**Exercise:**
Return exactly, please, the line that contains "Juniper Ridge Body" and every line after it through the end of the material that follows, leaving pictures aside.

**Data provided:**
==*==

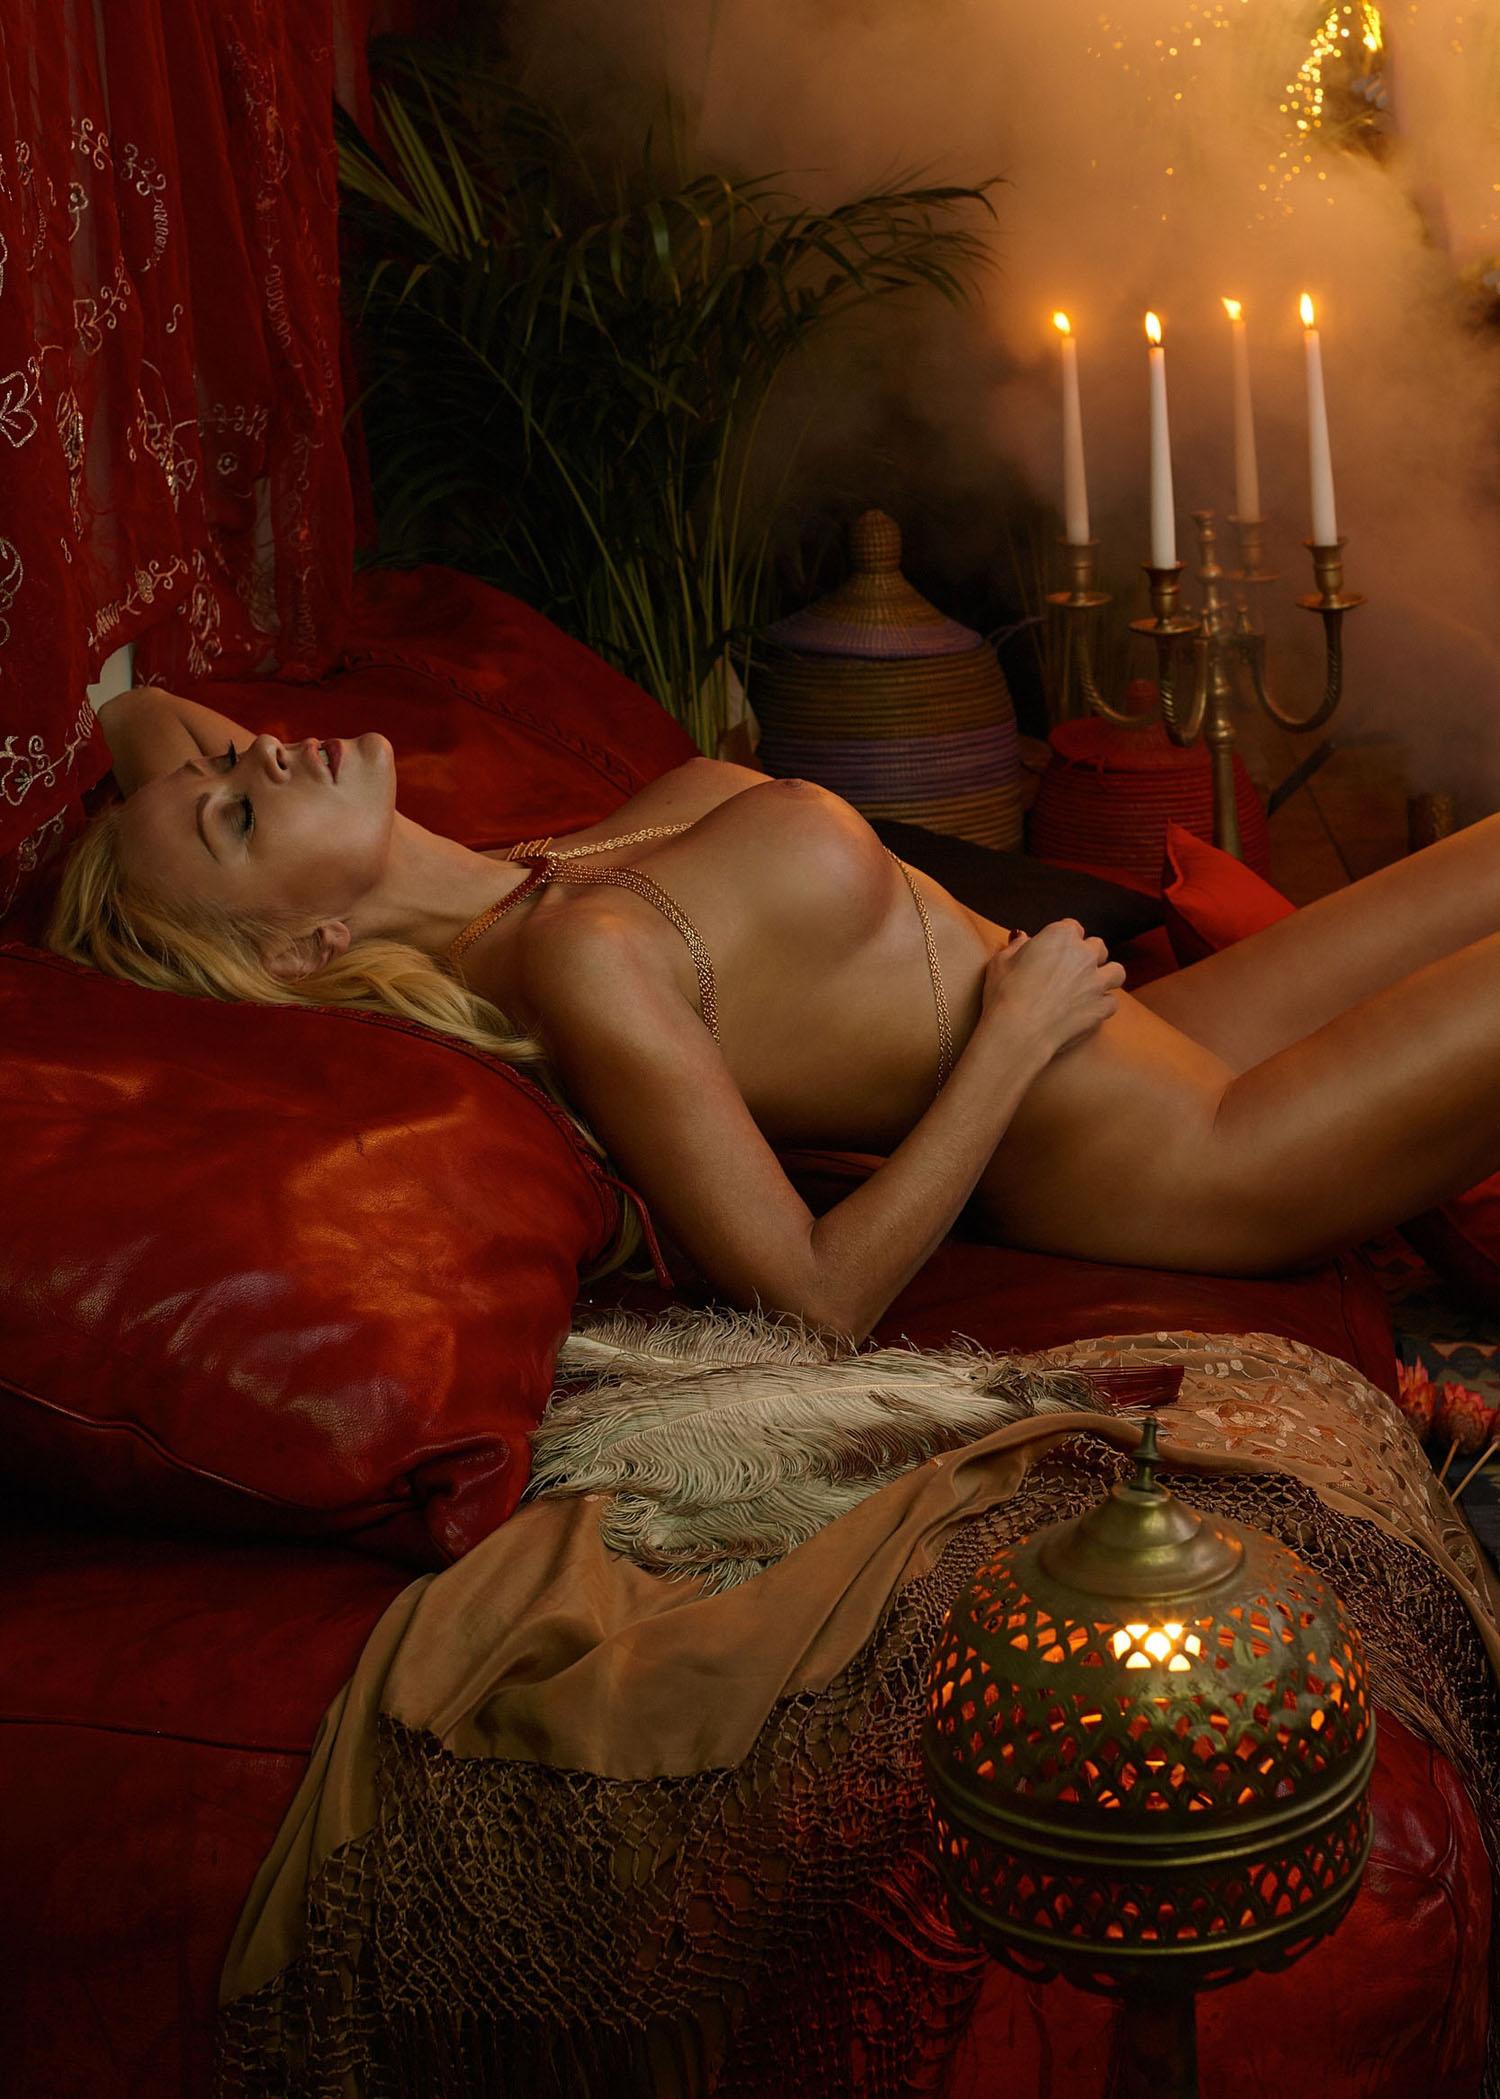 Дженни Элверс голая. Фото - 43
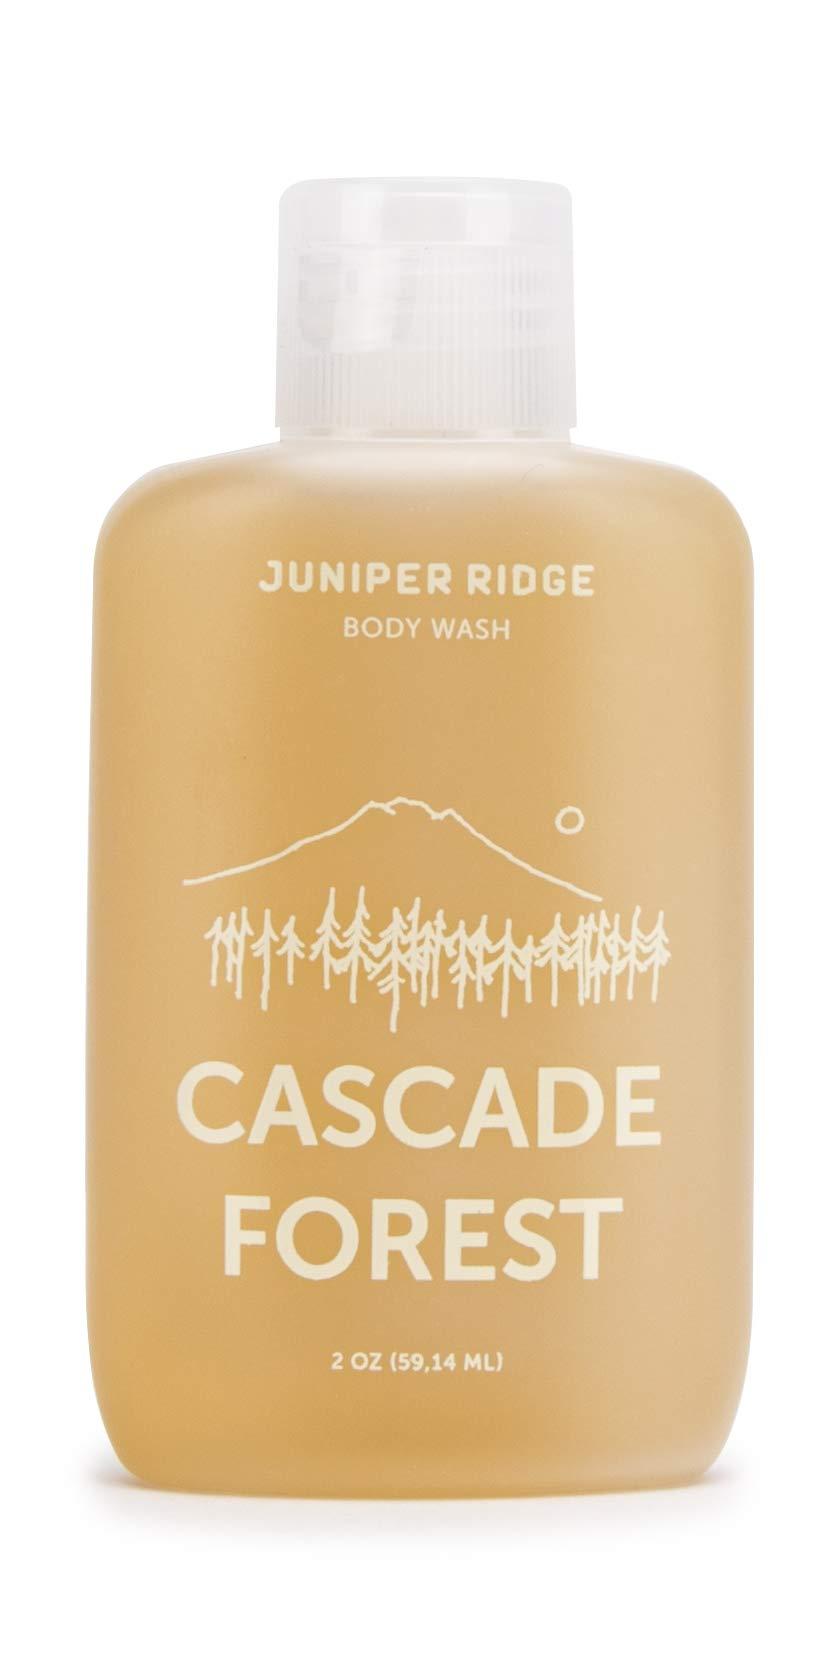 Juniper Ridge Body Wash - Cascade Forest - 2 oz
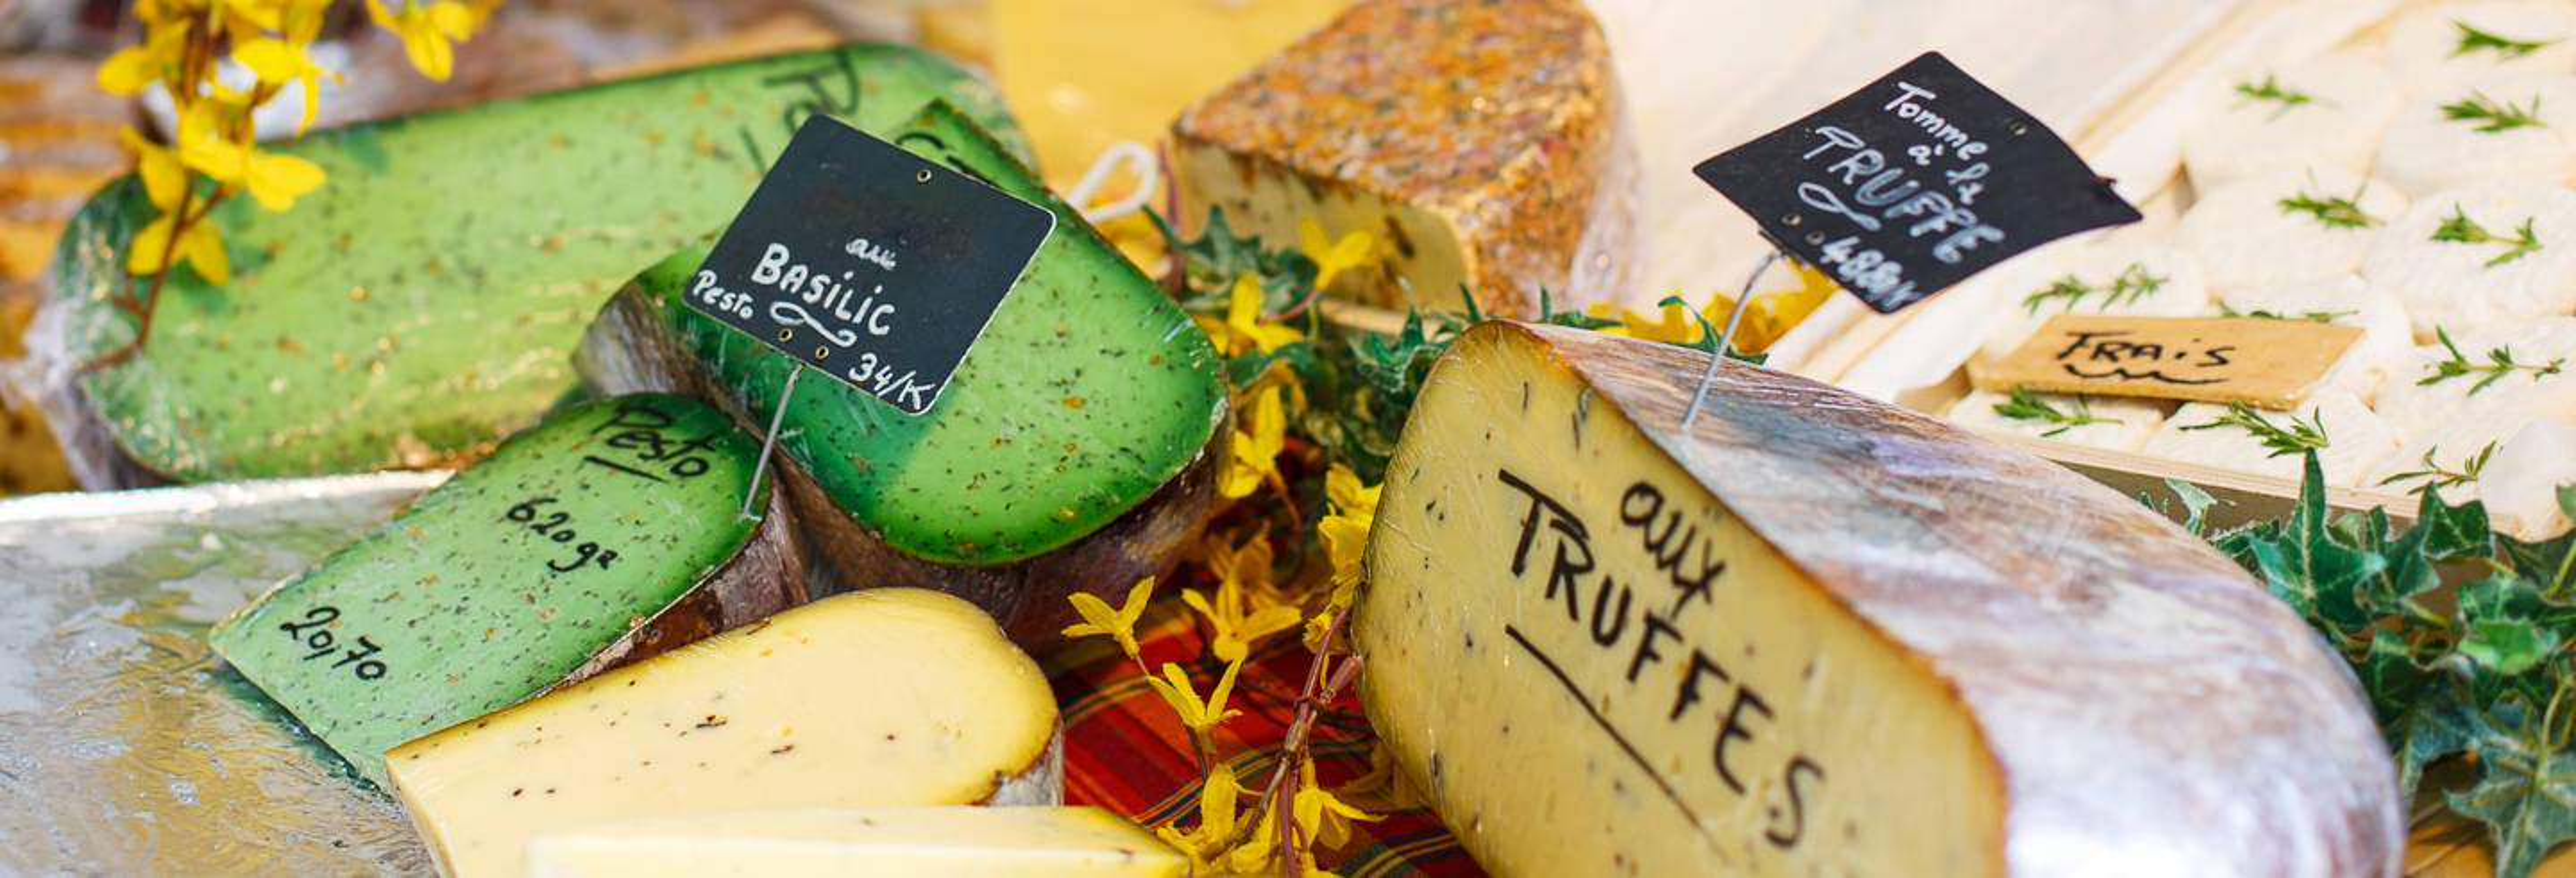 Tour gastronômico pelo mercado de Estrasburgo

==*==

**Your response:**
 Juniper Ridge Body Wash - Cascade Forest - 2 oz
 Tour gastronômico pelo mercado de Estrasburgo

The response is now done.